Barbara Rupf Bee, Marktverantwortliche Global Wealth Management in Deutschland, sagt:

„Wir sollten die traditionelle Rollenverteilung hinter uns lassen und Frauen zu mehr finanziellem Selbstbewusstsein ermutigen und auch entsprechend unterstützen – hier hat die Finanzindustrie die Möglichkeit, aktive Hilfe zur Selbsthilfe zu leisten. Unsere Studie hat gezeigt, dass eine geteilte Verantwortung in der Ehe viele Vorteile hat – von einer gestiegenen Zuversicht für die Zukunft bis hin zu nachhaltigeren Entscheidungen.

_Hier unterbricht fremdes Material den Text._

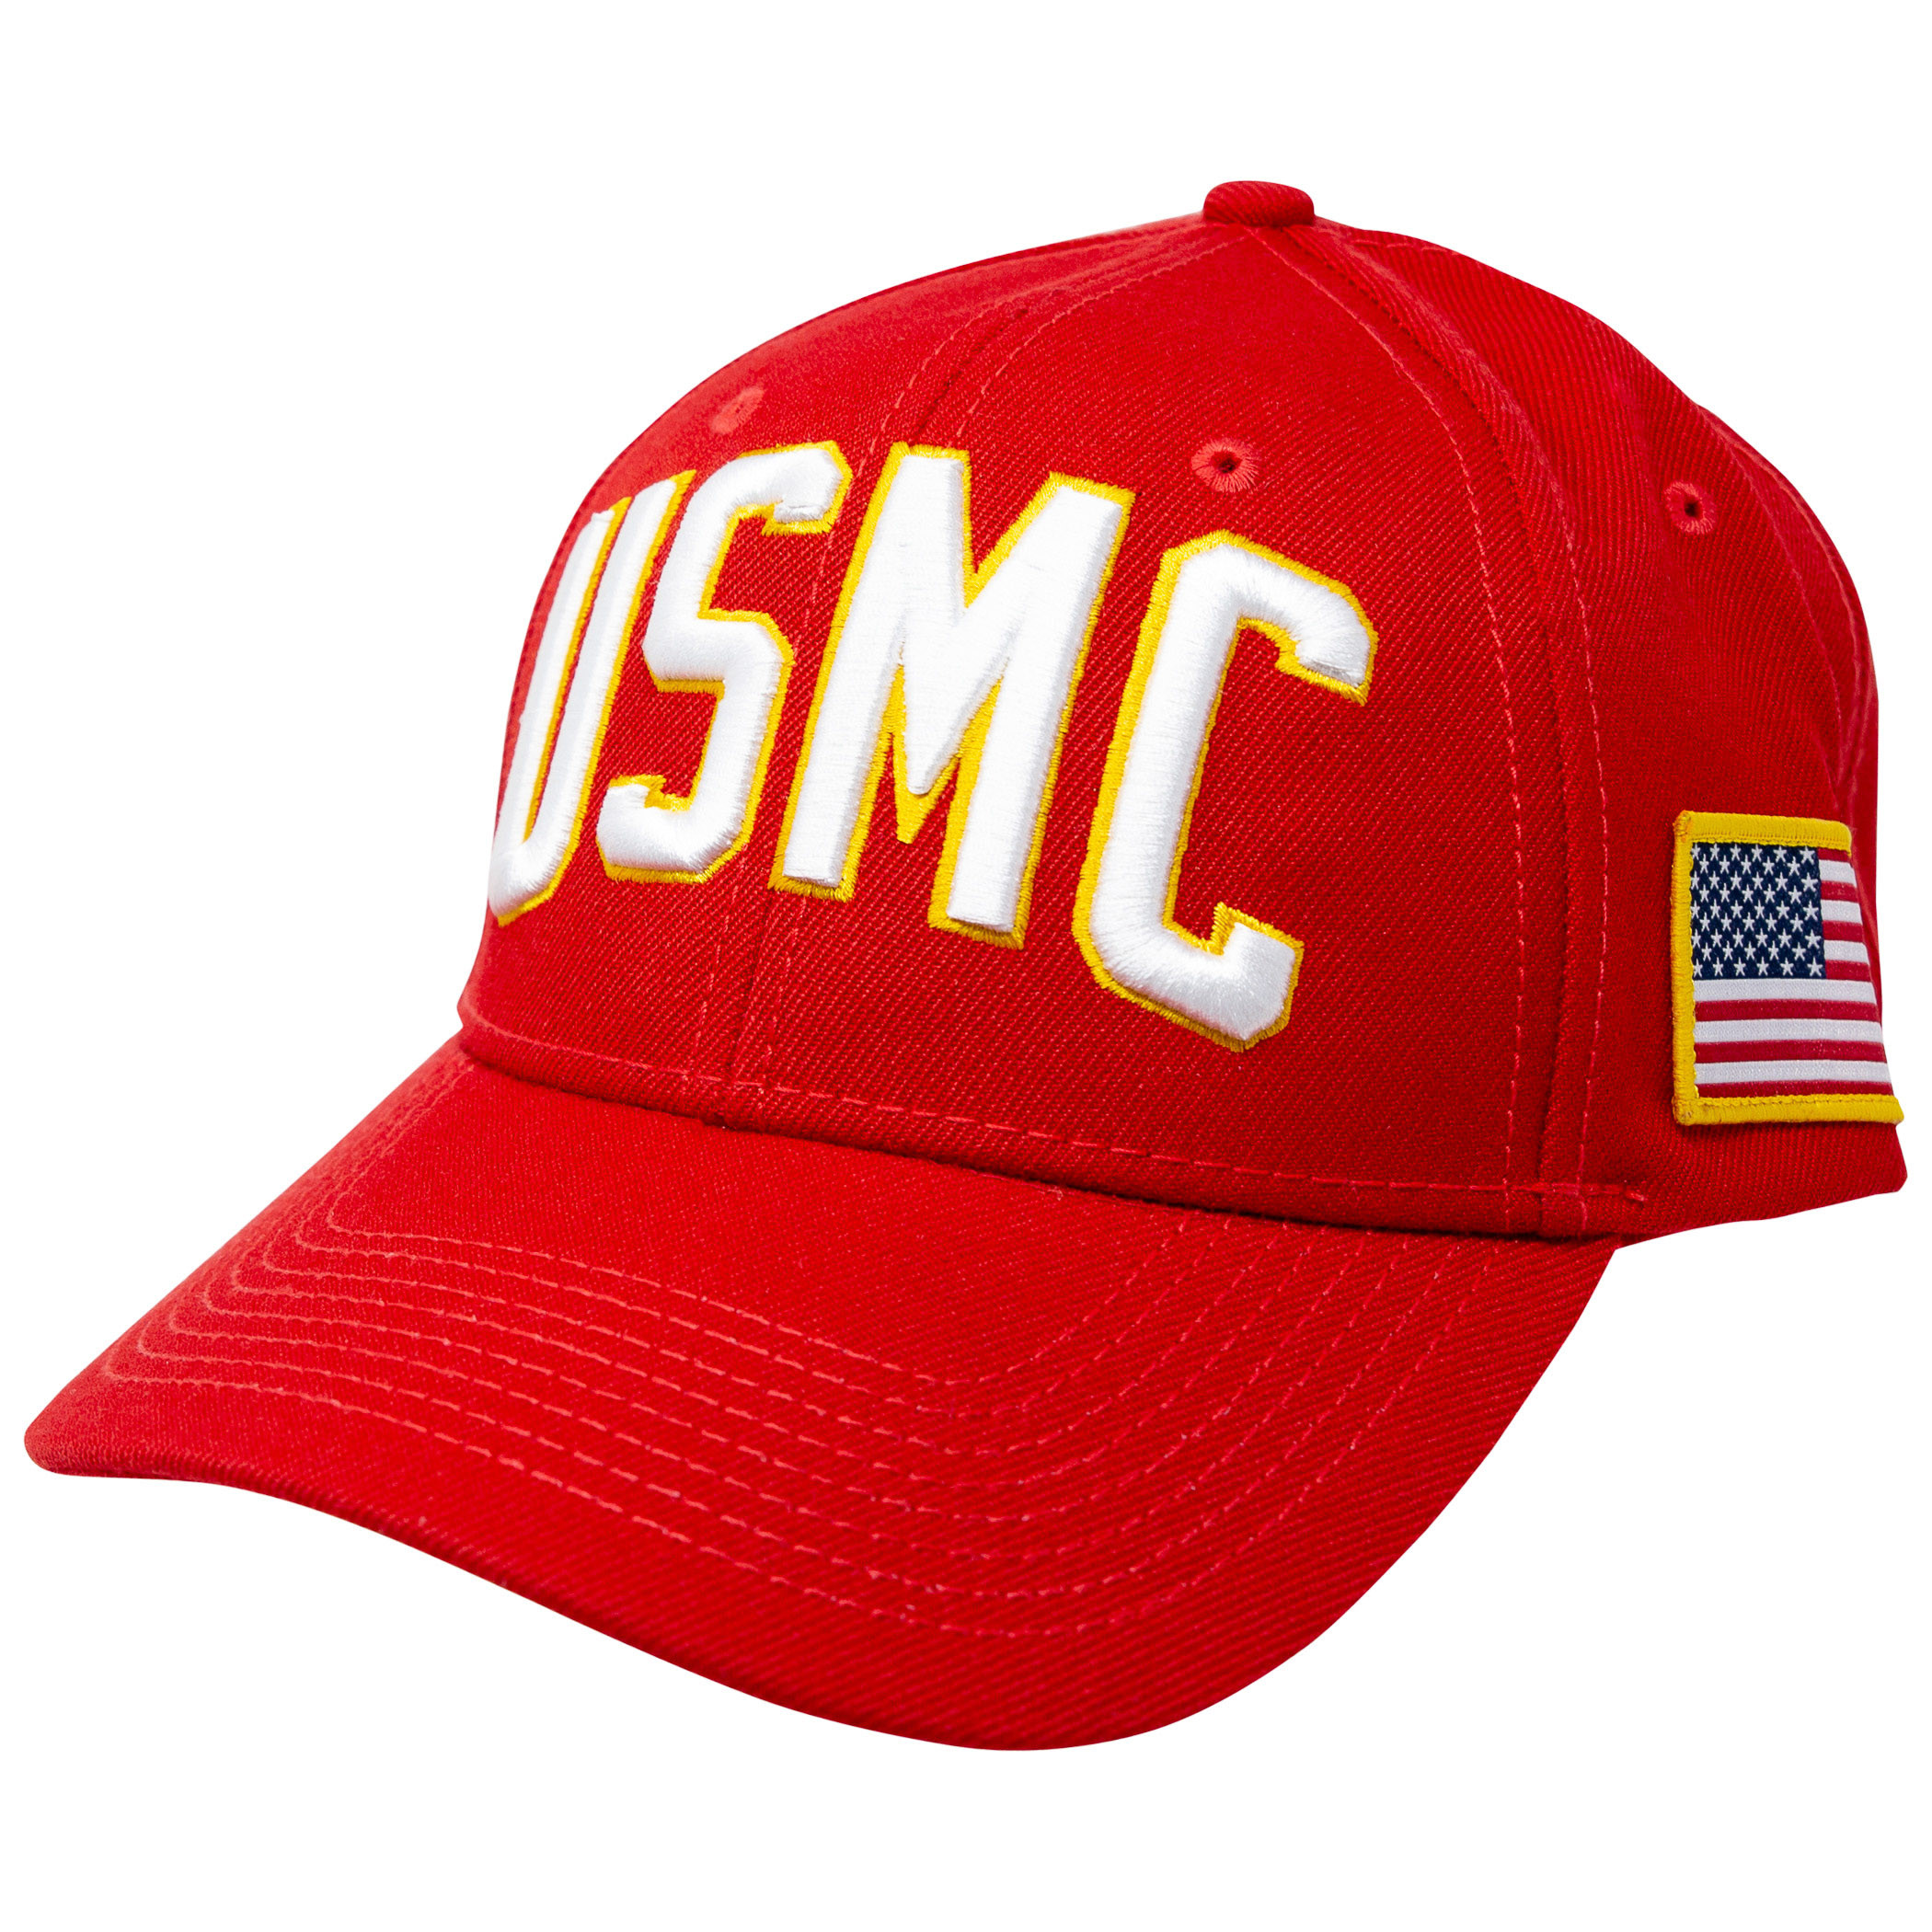 USMC Adjustable Red Snapback Hat - image 1 of 5
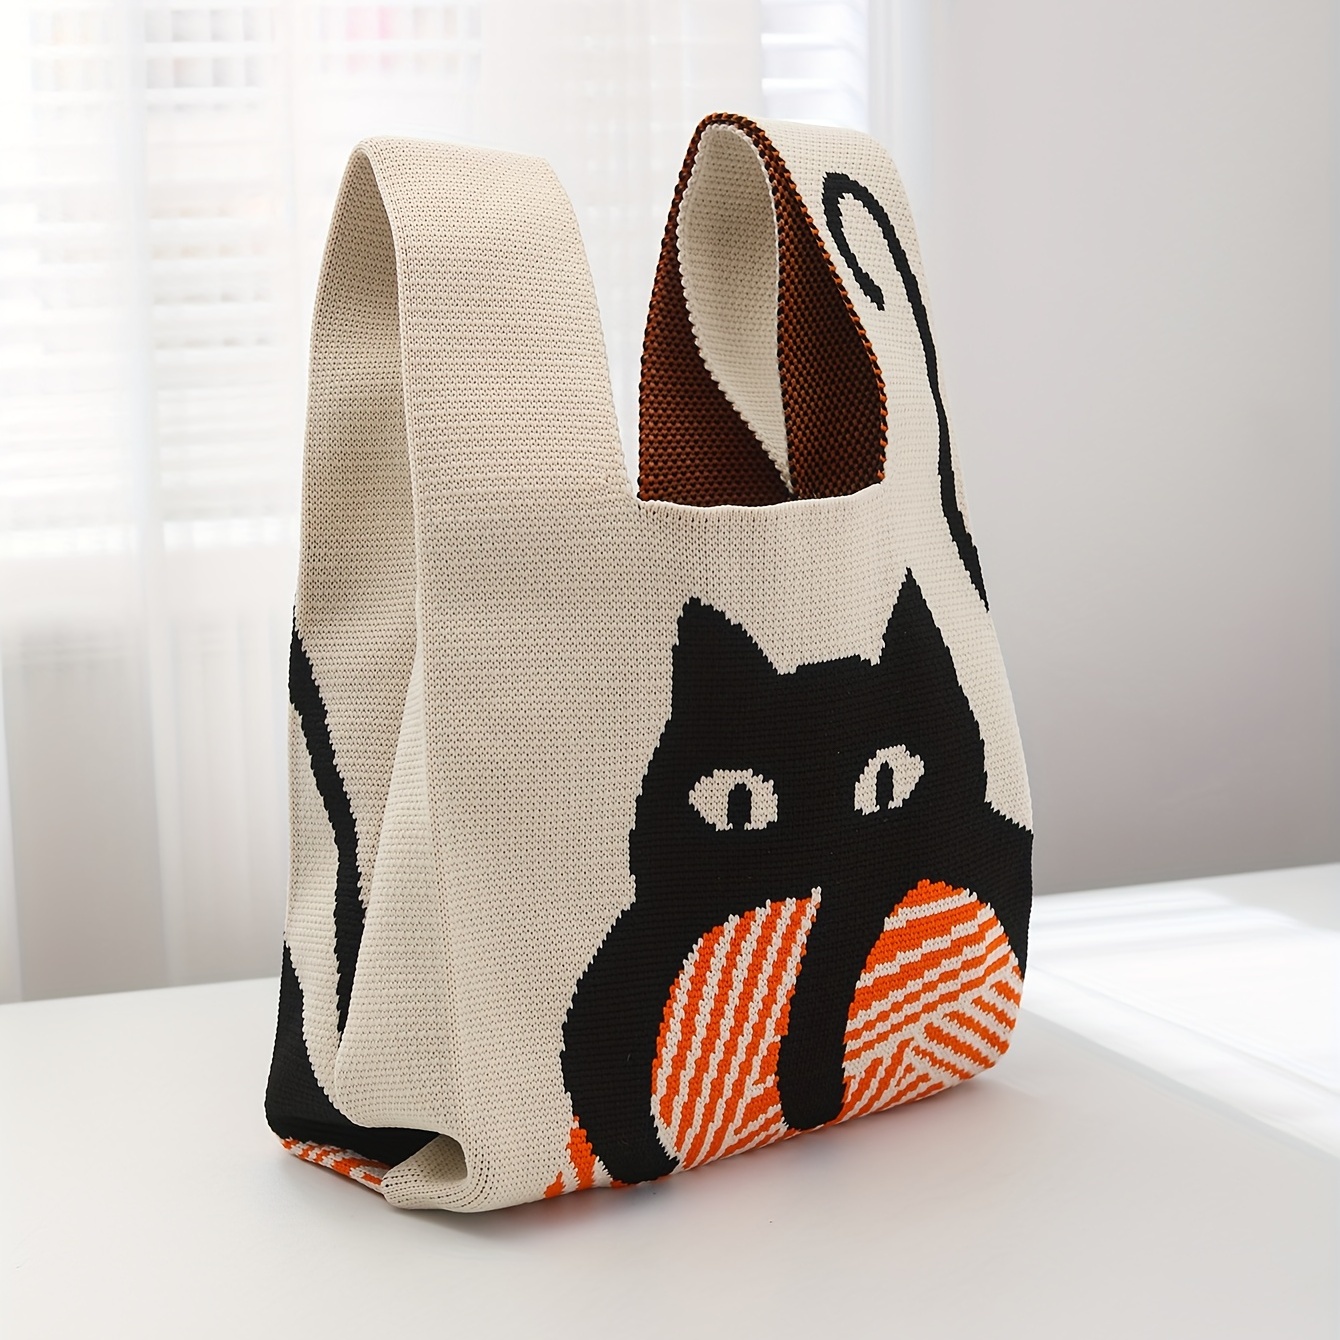 Cat Tote Bag Cat Shoulder Bag Crochet Cat Bag Vintage

Aber gerade angesichts der höheren Lebenserwartung von Frauen oder dem Fall einer Scheidung ist es zum Schutz des Vermögens für Frauen essentiell, in allen Lebensphasen eine aktive Rolle bei der Finanzplanung zu spielen.“

Über die Studie:
Für den Investor Watch hat UBS von September 2017 bis Januar 2019 insgesamt 3652 Frauen aus Brasilien, Deutschland, Hongkong, Mexiko, Singapur, Schweiz, Italien, GB und die USA befragt und 71 Tiefeninterviews geführt. Darunter waren 2251 verheiratet und verfügten über ein Anlagevermögen von mindestens einer Million US-Dollar. 1401 der befragten Frauen war entweder geschieden oder verwitwet und verfügten über mindestens 250 000 US-Dollar an investierbaren Vermögenswerten.